N.L. Untwalia, J.
1. These two appeals by certificate arise out of the same proceedings between the parties. The respondent company applied to the Trial Court for the filing of the Arbitration agreement under Section 20 of the Arbitration Act, 1940 hereinafter called the Act and for appointment of an Arbitrator under Section 8. The applications were allowed. An Arbitrator was appointed. The Union of India took the matter in appeals to the Allahabad High Court. The High Court has dismissed the appeal arising out of the order of the Trial Court under Section 20 of the Act and has treated the appeal arising out of Section 8 order as a revision and dismissed the same also. The Union of India has come to this Court.
2. The decisions of the courts below in regard to Section 20 matter is at an end now. It was denied on behalf of the appellant that there was any Arbitration agreement. The findings of the court below in this regard could not be assailed at all.
3. The Arbitration clause in the contract between the parties ran as follows :-
All disputes or differences arising between the parties or their representatives and the Controller of Rationing Delhi at any time hereafter and of whatever nature arising out of or in respect of the contract shall be referred for arbitration to the Chief Commissioner Director of Storage, Ministry of Food, Government of India, and his decision shall be final and binding.
4. The post of Director of Storage, Ministry of Food, Government of India was abolished and no person holding that post was available for arbitration for the purpose of the arbitration clause aforesaid. The Chief Commissioner, however, was available but he refused to act. That led the respondent company to apply to the court under Section 8 of the Act for appointment of another Arbitrator.The argument put forward on behalf of the appellant is that when there was a named Arbitrator even though he was named by office, it was not open to the court to supply the vacancy in his place under Section 8(1)(b) of the Act.

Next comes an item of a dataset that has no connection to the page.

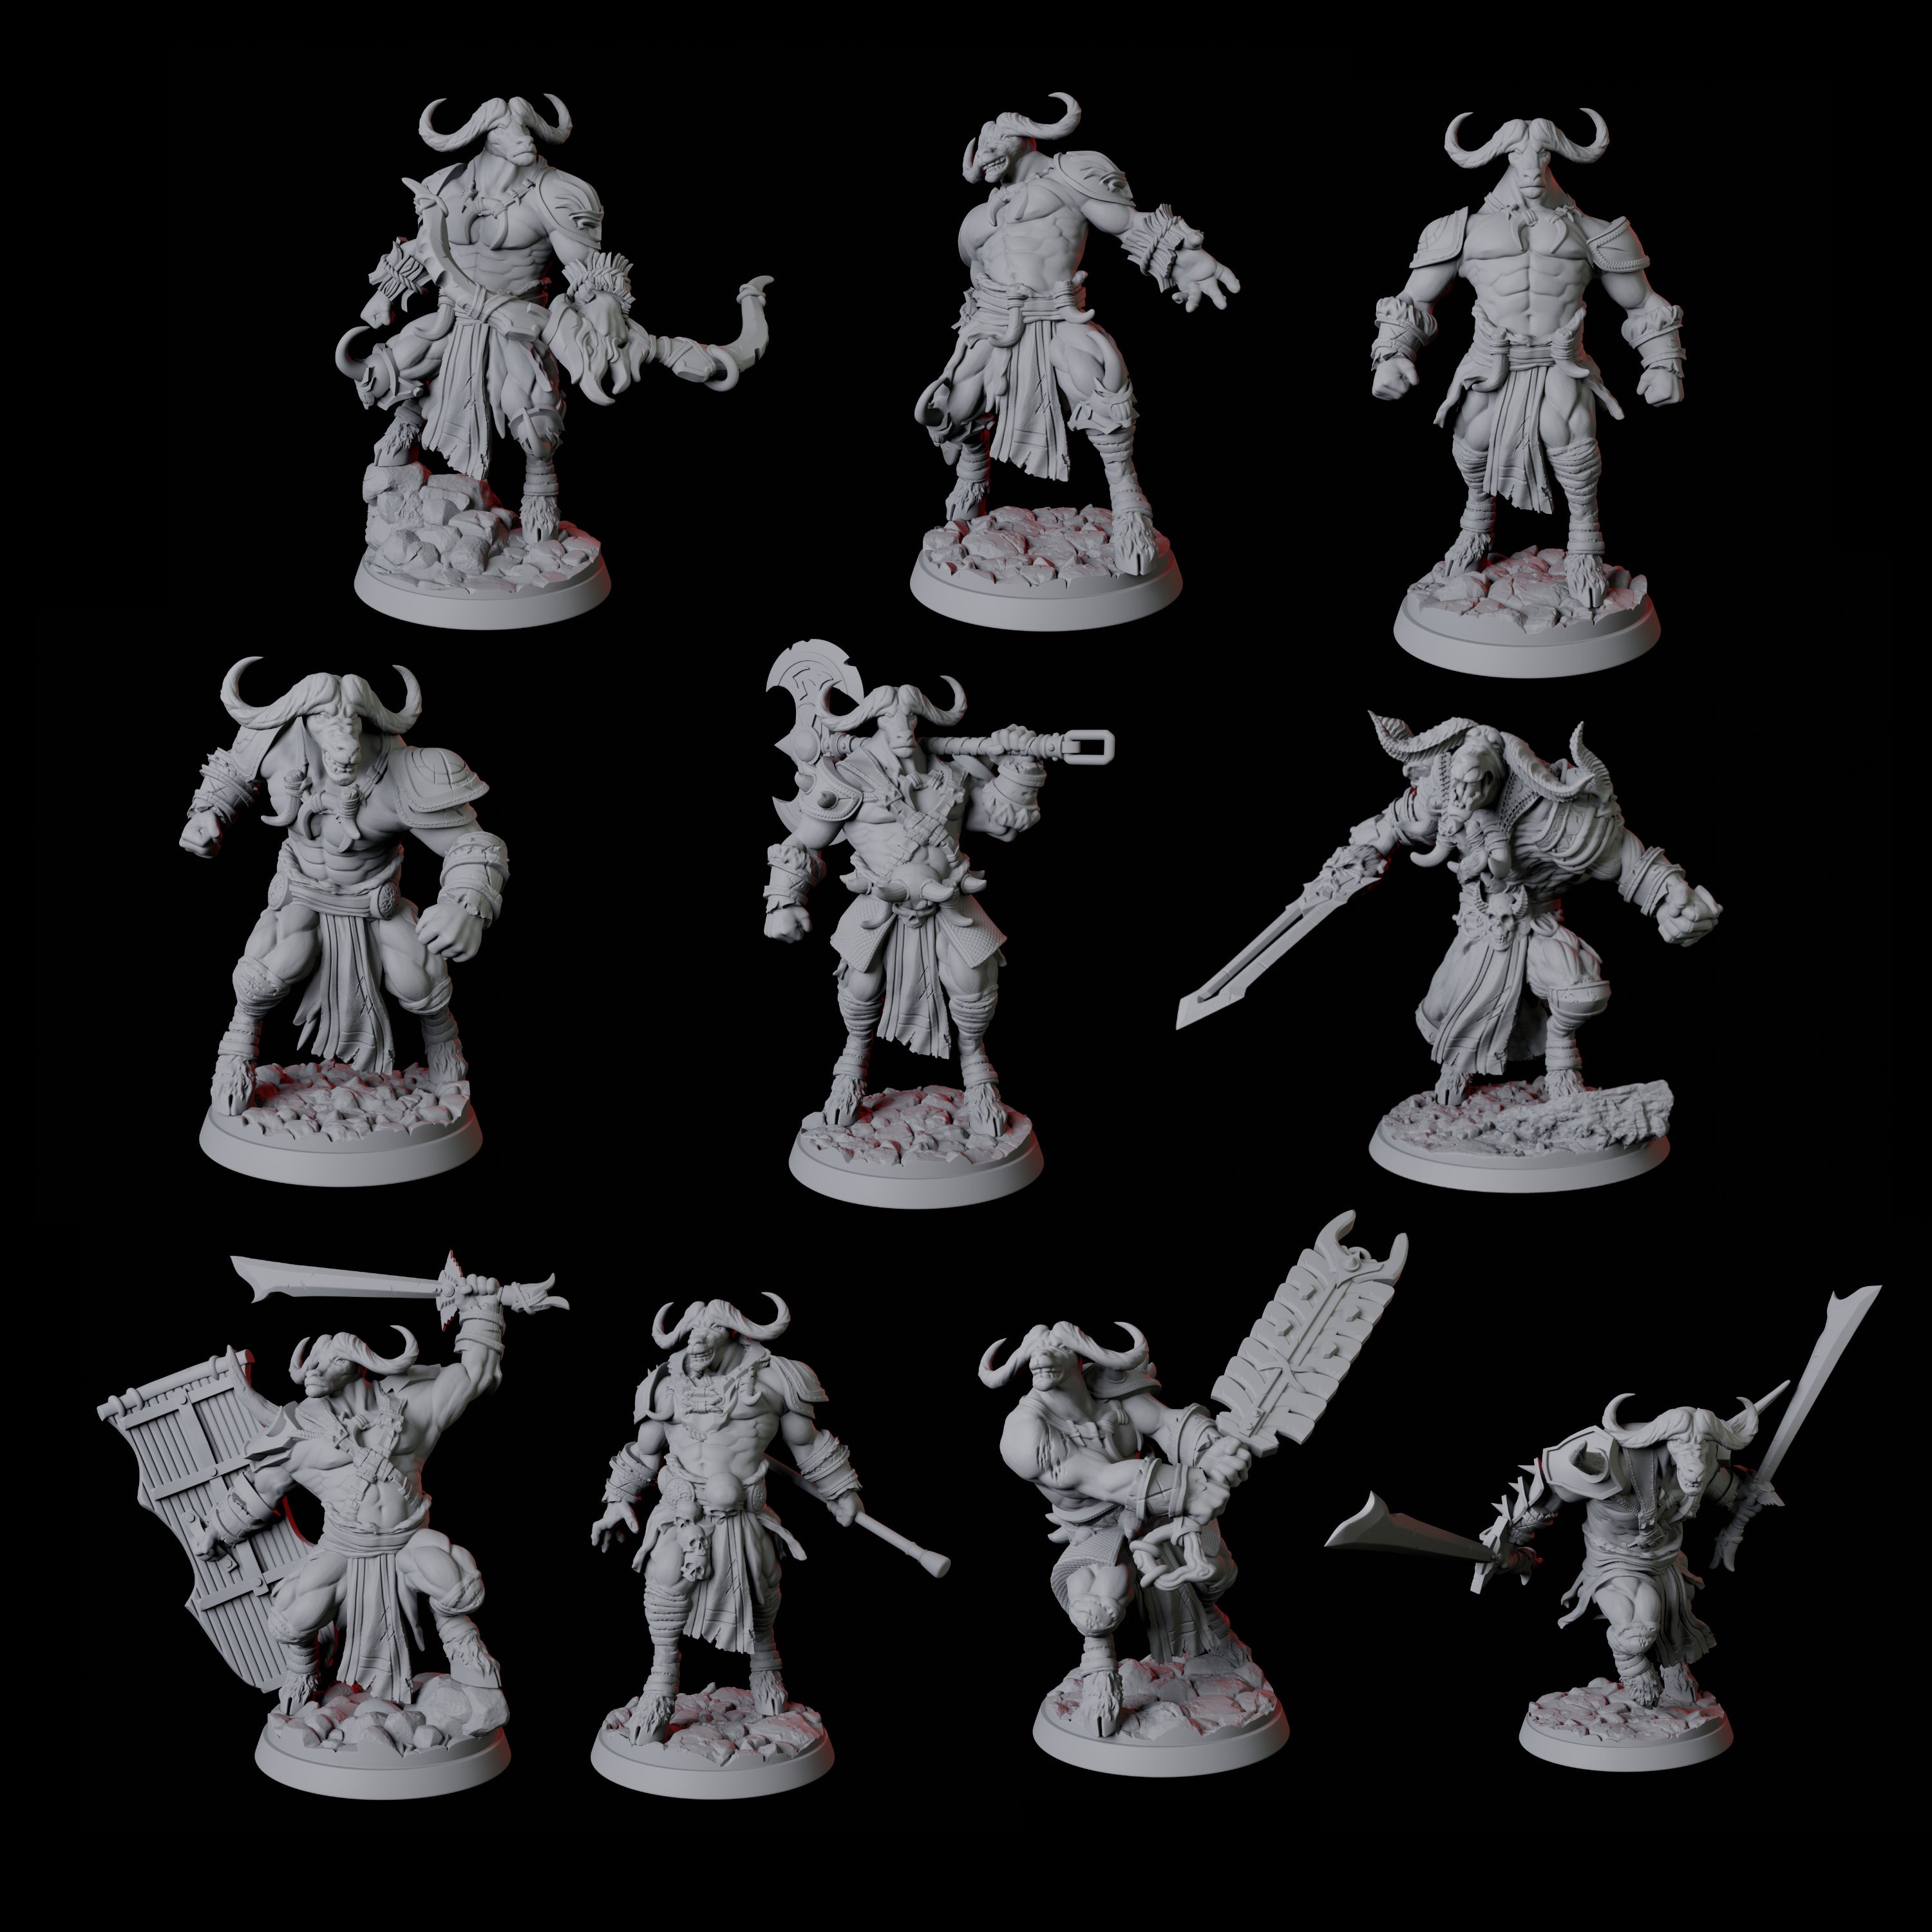 Ten Yakfolk Bundle Miniature for Dungeons and Dragons, Pathfinder or other TTRPGs
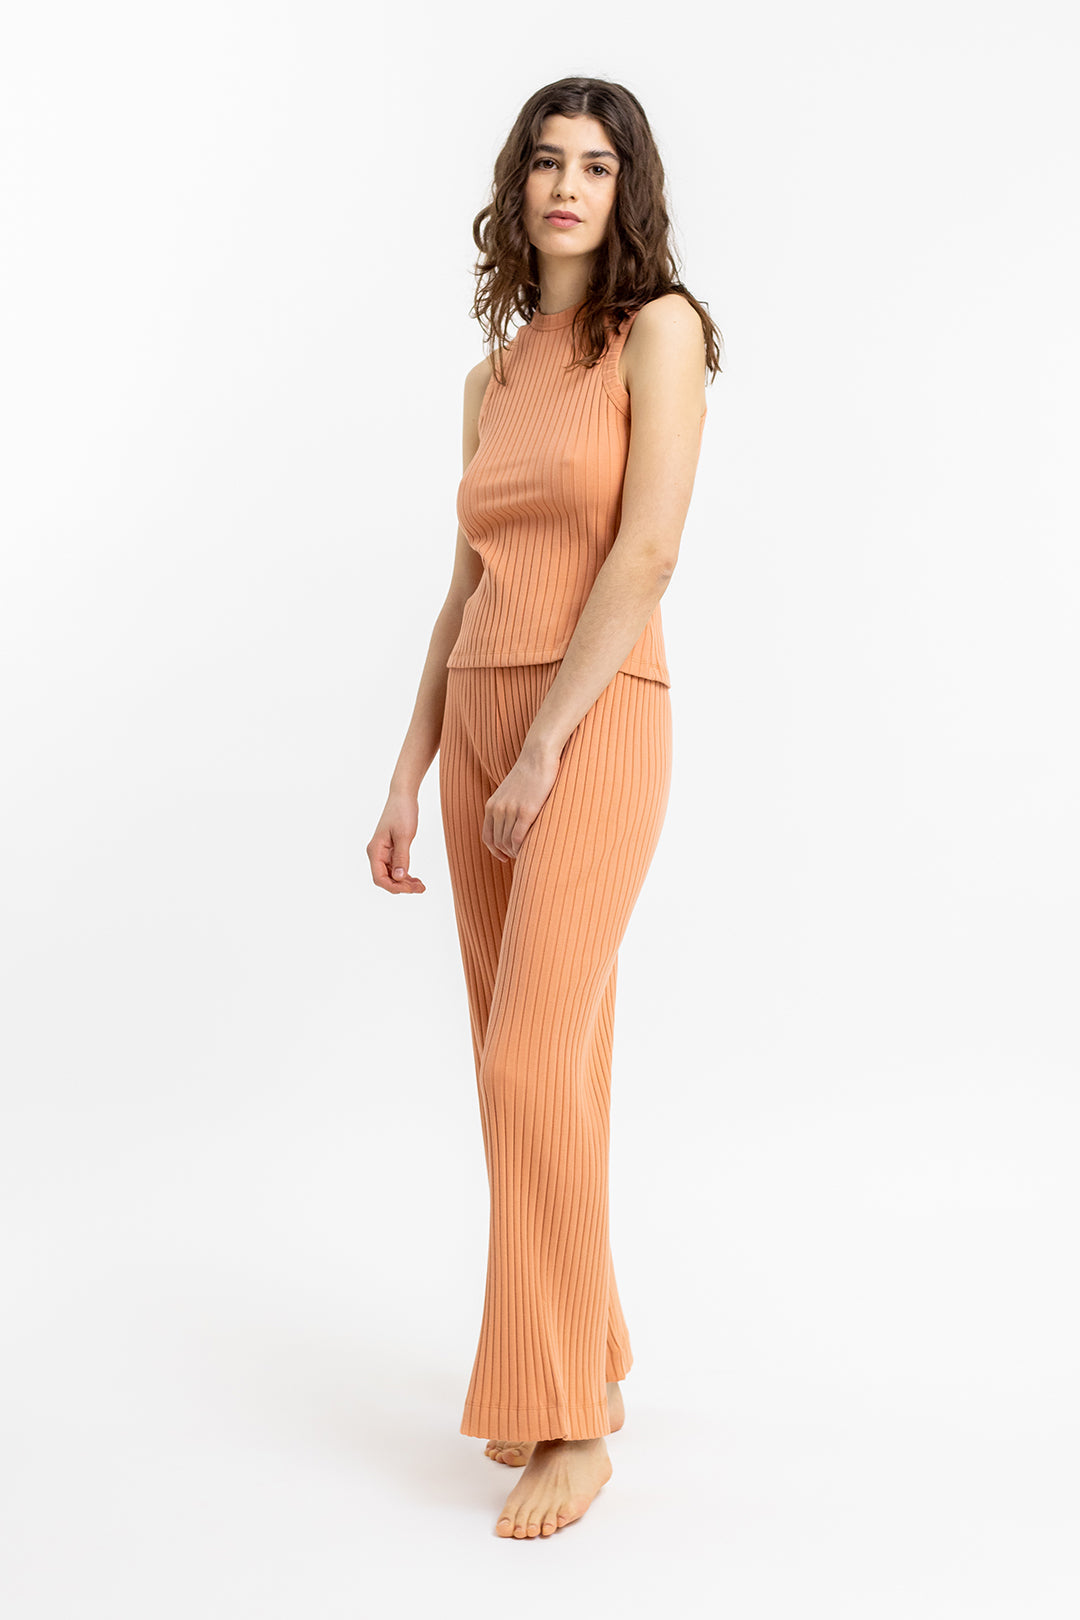 Orange, ribbed Lounge trousers made from organic cotton by Rotholz

We did not find any substance in this argument. The court had no power to supply the vacancy under Section 8(1)(b) only if the arbitration agreement did show that the parties did not intend to supply the vacancy. If no such intention could be culled out from the arbitration clause, the court could supply the vacancy. There is a direct decision of this Court in Prabhat General Agencies etc. v. Union of India and Anr. : 2SCR564 .
5. Mr. R.B. Datar, counsel for the appellant placed the reliance upon the Full Bench Decision of Madras High Court in Badam Satayanarayanamurthi v. Badam Venkataramanamurthi and Ors. A.I.R. 1948 Mad 312, in support of his submission that no other Arbitrator could be appointed by the court under Section 8 of the Act when the Arbitrator named in the agreement refused to act. In our opinion while considering the provisions of Section 8(1)(b) of the Act, that decision is of no help to the appellant. The full Bench decision was given with reference to the corresponding provisions of law contained in Schedule II of CPC, 1908 in paragraph 5 whereof the crucial words occurring in Section 8(1)(b) of the Act were not there.The words in Section 8(1)(b) are these : 'and arbitration agreement does not show that it was intended that the vacancy should not be supplied.'
6. For the reasons stated above, we hold that there is no merit in either of the two appeals. They are accordingly dismissed with costs which we quantify at Rs. 1500/-.